The narrative goes that an ape-man managed to become far enough evolved and get a big enough brain for God to consider this creature to be worthy of being given a soul.  From then on ensouled humans had moral responsibility for their actions.  Ironically they wiped out all the hominids without souls causing them to become extinct.

For me the above question is totally meaningless.  And the answer given has quite horrific implications – firstly that there could be a creature looking just like a human that had no soul and therefore was simply an animal – although you would have no way of distinguishing between the human and the animal just by looking at them.  Secondly, the highest gift of a soul becomes the justification for mass hominidcide, and this is presented as a good thing.

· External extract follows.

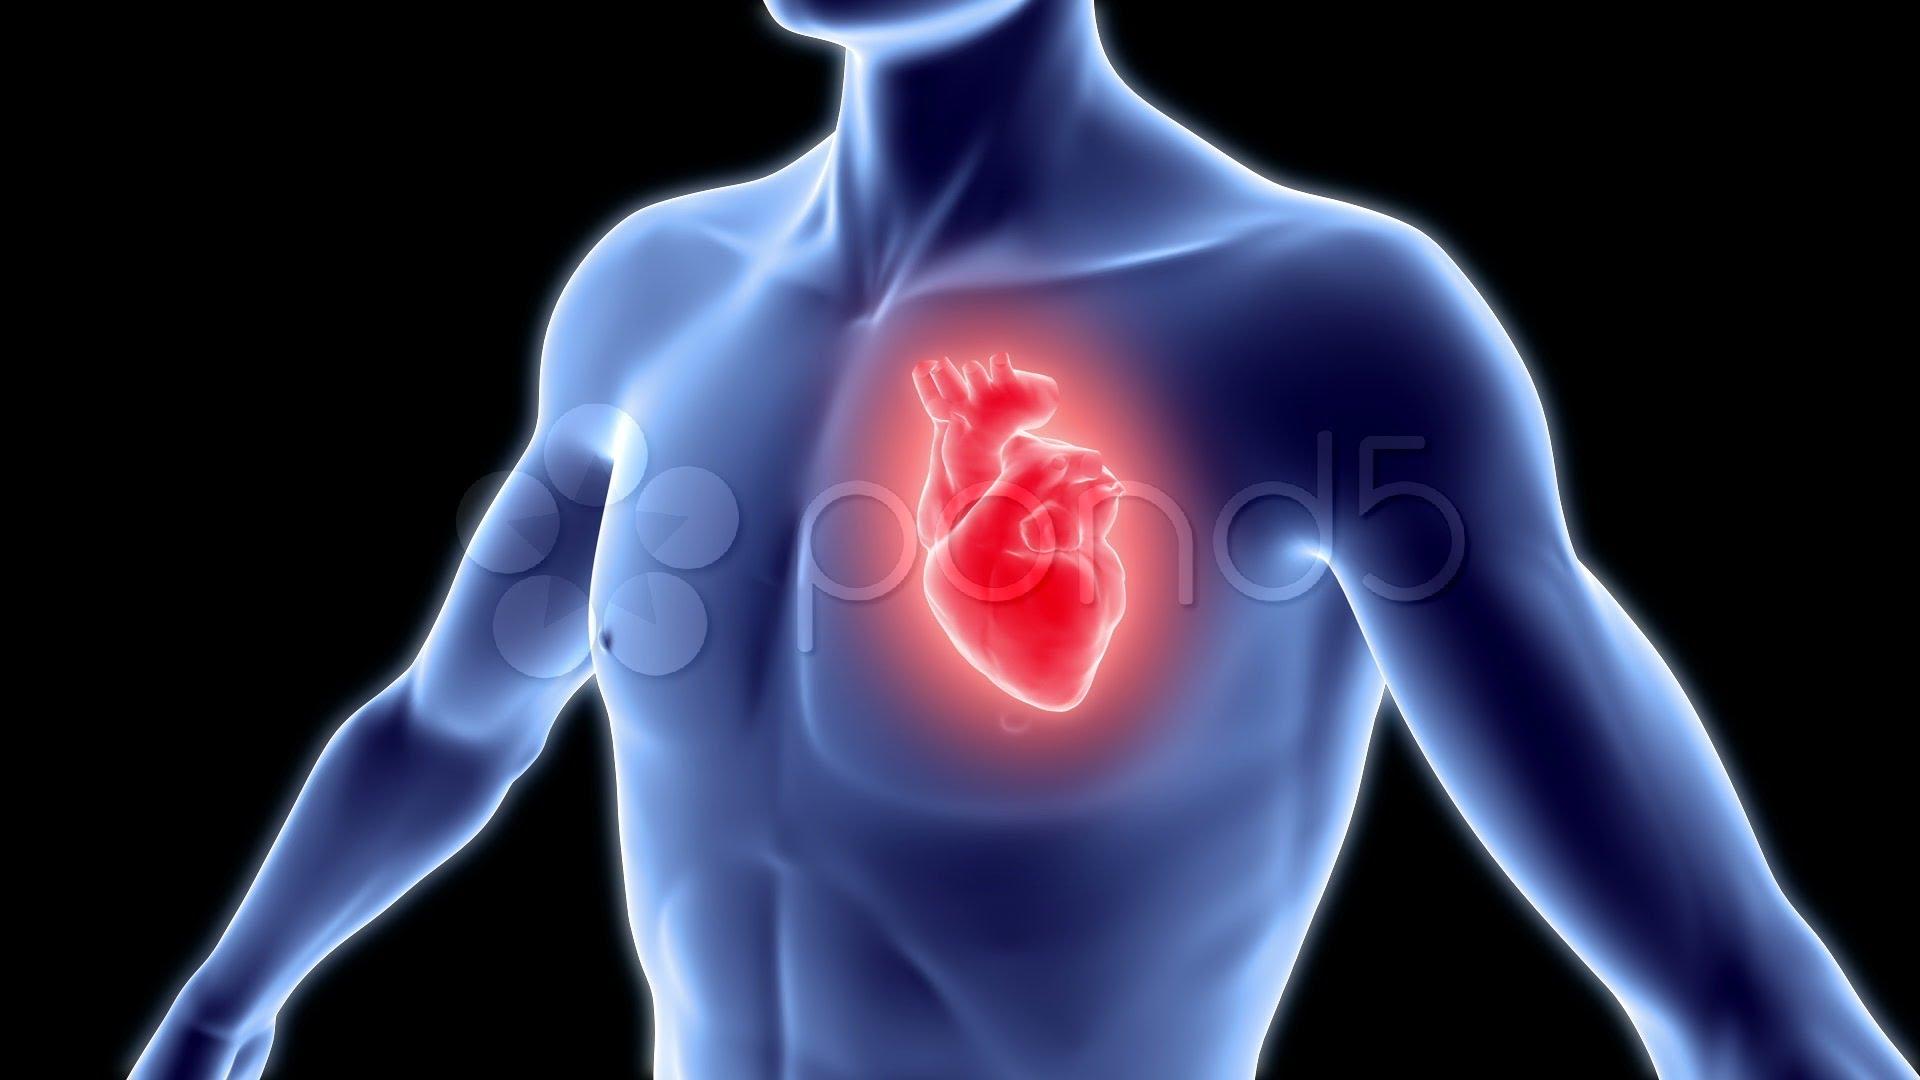 صور صور قلب الانسان , بالصور شكل قلب الانسان

My alternative thesis is that:

  1. There is no threshold brain size for possession of a soul or for being a morally responsible being.
  2. If you have a soul, you are human.  The soul is whole and in every part, there are no part-souls.  Likewise there were never any hominids part-way to being human.
  3. Even with a cranial capacity only marginally above that of apes, a human life is still possible.

Therefore, all prehistoric species that have been classified as ‘hominids’ or ‘hominins’ have, in fact, been human beings adapted to various sets of circumstances that are not found today.  They have all been peoples with culture, and persons with souls.

I had already reached this conclusion when Homo floresiensis was found on the Island of Flores, Indonesia in 2004.  The skeleton found had a cranial capacity of 380 cc and a stature of one metre.  The find was classified as a dwarfed Homo erectus, but the surprise was that it was dated to only 18 000 years old. 

Homo floresiensis is confirmation that a being with a cranial capacity the same as chimpanzees, can, in fact, be human and have lived not long ago.  The human bones were found in a cave with evidence of fire, stone tools and animals that had been hunted.

Humans are human because they have a soul.  Even the most primitive humans had souls so any being looking like a human had a soul.  There was never a situation of Homo sapiens possessing a soul confronting hominids lacking a soul.  Human evolution has brought about changes to the physical body, but not to the fundamental identity of the human being.